事前のイメージでは、更年期障害といえば、汗、うつ、めまい、イライラという感じでしたが、友人との話題は「汗」「太る」がメインでした。客観的にわかるからでしょうかね。何人かは病院にかかってホルモン補充を受けました。主な症状が汗でも、たかが汗とは思うなかれ、ひどい人は治療すれば楽になります。
先日、同じ年の4人で女子会をしました。みんな今はもう「抜けて」います。友人とはみんなで、何かが悪いと全部更年期のせいにしています。太る、目が悪くなる、疲れやすい、肩こり。でも、それみんな昔からだよね……。
「皮膚炎かと思っていたらどうやら更年期症状だった」という友人もいました。3、4年前、ずっと湿疹が収まらず、家にダニがいるんだと思って家中を燻蒸したのによくならず。あちこち病院を回るうち、実は更年期の症状だと診断されていました。
夫とは「ネタにできる」関係を保っています
夫と私は生活のリズムが違い、もともと一緒にいる時間が少ないので、一緒にいるときは手をつないだり、起きたらぎゅっとハグしたりするのが普通。一緒にいる時間が少ないから喧嘩する時間もない(笑)。

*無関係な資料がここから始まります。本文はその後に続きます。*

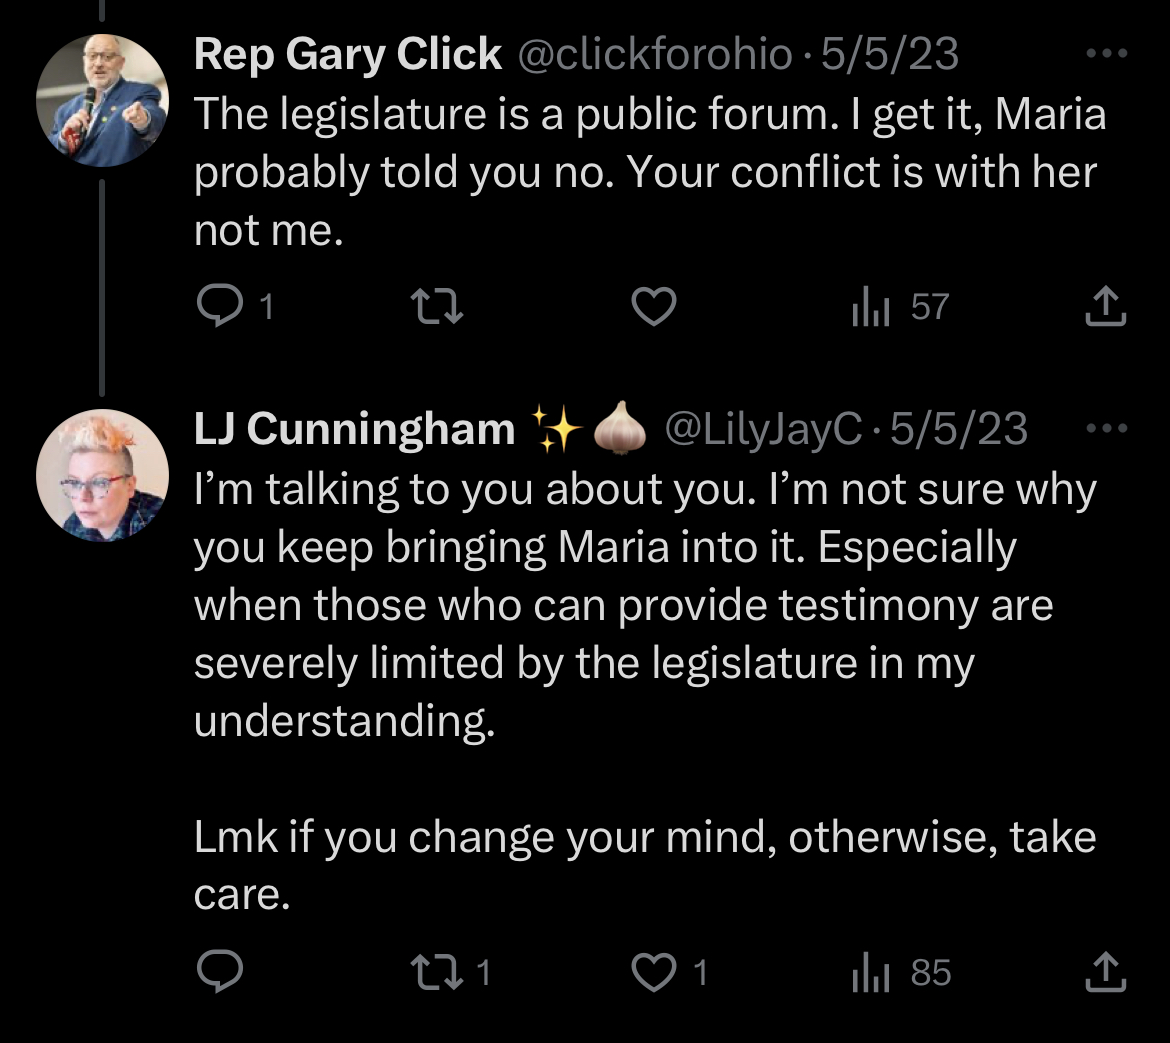 Gary Click again deflect to "Maria" regarding opponent testimony and says, "I get it. Maria probably told you no. Your conflict is with her, not me. I reply, I'm talking to you about you. I'm not sure why you keep bringing Maria into this. Especially when those who can provide testimony are severely limited by the legislature in my understanding. Lmk if you change your mind. Otherwise, take care.

でも、性的な要求は、もともと弱かったのですが、生理不順のあたりで私の側からはガクっと減りました。夫はニコニコしながら「じゃあほかでしてくるから!」と言うので、お腹をパンチするまねをして終わり。こういうことをネタにできる関係性でよかったなと思います。本当にそうなったら?うーん、夫も気の毒だなとは思いますが、実際にそうなったらふざけんなですけどね。
「イライラ」の種を持っていたことに自分で気づく
私の友人たちからは「イライラ」という症状の話は出ませんでしたが、周囲を見ていると、更年期ではじめて自分がもとからイライラしやすかったことに気づく人もいるのかも?と感じます。イライラしている自分が、更年期というフィルターを経てはじめて自覚できるというか。
怒ったり、悲しんだりしても、だいたいその先に起きることはこの程度か、というのがもうわかってしまう年齢ですよね、更年期の時期って。だから、なるべくおだやかに、起伏なく、周囲とうまく調和しながら暮らしていきたいなって思います。